L-selectin at the highest PSGL-1 density tested supported a significantly higher probability of bead recapture subsequent to forming a tether bond than did P-selectin at 1.0 dyne/cm² wall shear stress. P-selectin beads were less likely to immediately reattach to PSGL-1 as flow was increased (Fig. 6 A compared to B).

Comparison of L-selectin and P-selectin tether bond lifetimes

Using the statistical definition of a bond formation event (Fig. 5), we compared the tether bond lifetimes of P-selectin and L-selectin microbeads to previous work as a control for the internal consistency of our bond lifetime measures (24,25,31). Off-rate constants were determined from the cumulative pause time distribution using 4-ms bins. Receptor-ligand dissociation kinetics follows the relationship −dC/dt = k_off C, where C is the concentration of receptor-ligand complexes (see Supplementary Material). The natural logarithm of the number of events remaining bound was plotted as a function of time, and the slope of the line was determined to be the off-rate (32). Excluding the shortest pauses or increasing bin size did not alter apparent off-rate values. It was important to establish that our criteria for a definition of a bonding event met several previously established tests, most significantly that of quantal behavior suggestive of either single bonds or uniform-sized bond clusters and that of the recombinant selectin receptors functioned consistently with the native forms reported in previous studies (16,26,33–36).

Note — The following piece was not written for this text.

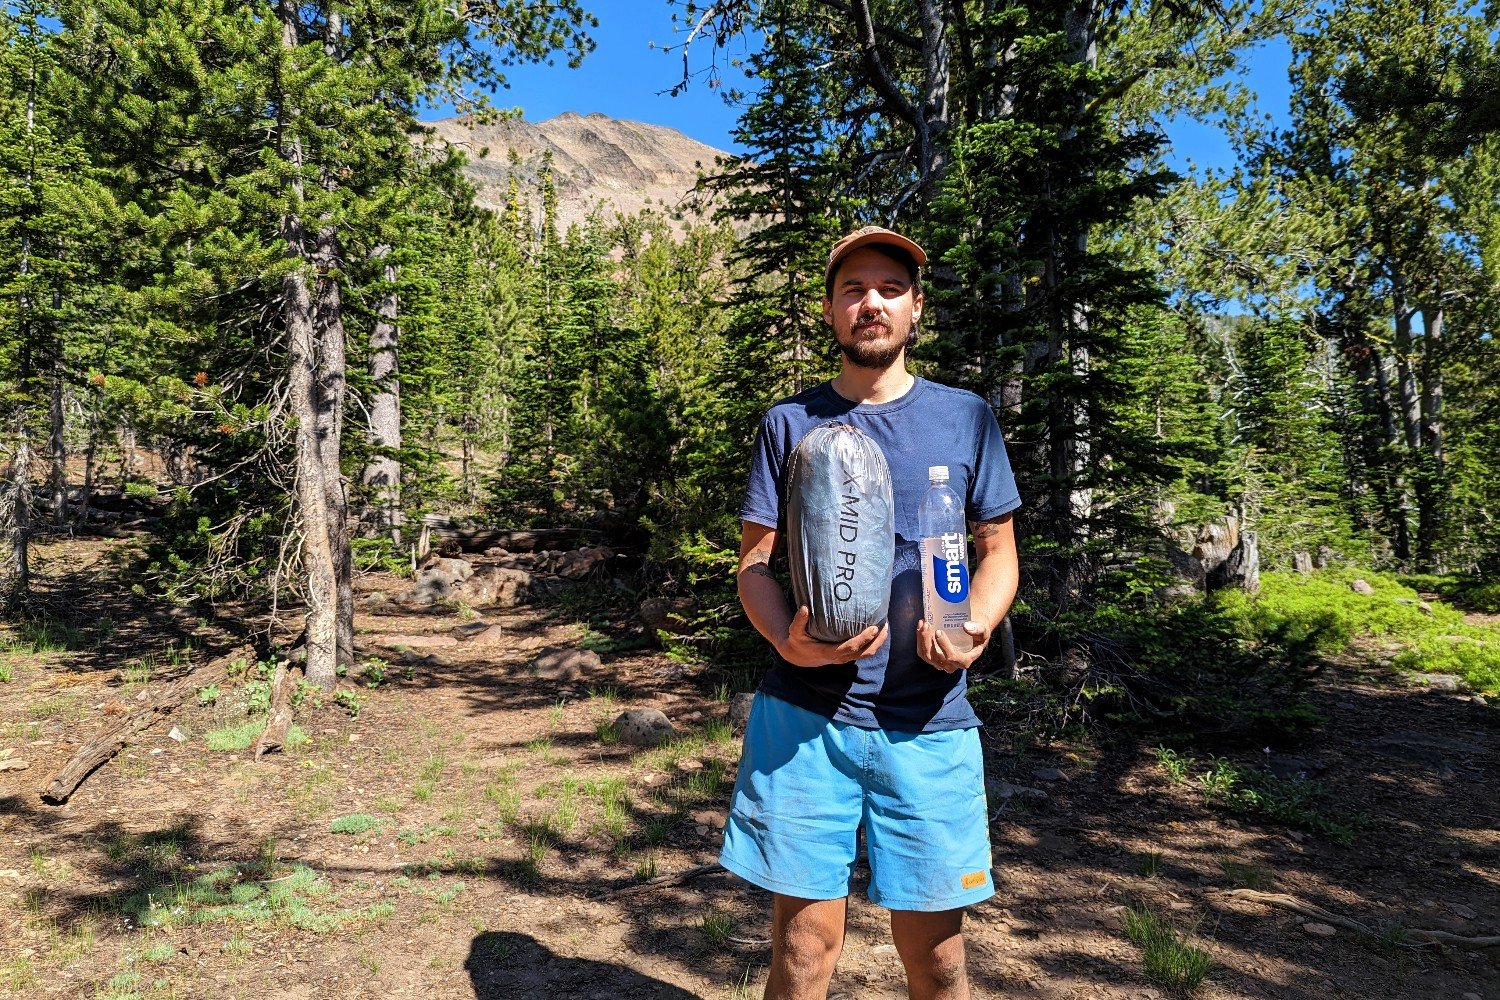 A hiker holding the Durston X-Mid 2 Pro tent packed in its stuff sack in one hand a Smartwater bottle in the other hand to show the size comparison of the two. There's a mountain peak peaking out from behind some pine trees in the background

The apparent off-rates of L-selectin beads on PSGL-1 were calculated from the duration of discrete interactions (Fig. 6 E). There were no statistically significant differences (p > 0.2) in the off-rate measured at 1 ng/ml (∼0.2 sites/μm²) or 10 ng/ml PSGL-1 (∼2.0 sites/μm²), indicating few multivalent interactions. At all shear stresses, the apparent off-rate at 100 ng/ml PSGL-1 (∼20 sites/μm²) was lower than the other site densities (p < 0.05), suggesting the presence of some multivalent interactions (37,38). We observed catch-slip bond behavior for L-selectin-PSGL-1 interactions at all site densities as shown by the drop in apparent off-rate from 0.2 dyn/cm² to 0.3 dyn/cm² followed by an exponential increase with increasing wall shear stress (Fig. 6 E). The minimum of the off-rate curve was located at a shear stress of 0.3 dyn/cm² for the two lower site densities and at 0.4 dyn/cm² at the highest site density. Using previously described methodologies (15) and assuming a tether arm length of 100 nm based on the combined selectin-PSGL-1 bond length, a wall shear stress of 0.3 dyn/cm² corresponds to a 33 pN force on the bond and 0.4 dyn/cm² wall shear stress corresponds to a 44 pN force on the bond.

No statistically significant differences were measured in the apparent off-rate of P-selectin on PSGL-1 at wall shear stresses below 0.5 dyn/cm² for all site densities tested (p > 0.05), suggesting that we were measuring single bonds—or at least small numbers of bonds that in aggregate behave with population dynamics of single bonds (Fig. 6 F). The values of the P-selectin off-rate at the lowest PSGL-1 density compare well with previous observations (15). Statistically significant differences were measured for the apparent P-selectin off-rate above 0.5 dyn/cm² for the two highest PSGL-1 site densities (100 and 10 ng/ml) (p < 0.05). At the highest PSGL-1 site density (100 ng/ml; ∼20 sites/μm²), the apparent off-rate measurements indicate that we are likely observing a mixture of mono- and multivalent interactions. Optical noise limited our ability to resolve discrete bond interactions at shear stresses below 0.2 dyn/cm², the regime in which catch bonds have been observed for P-selectin (31).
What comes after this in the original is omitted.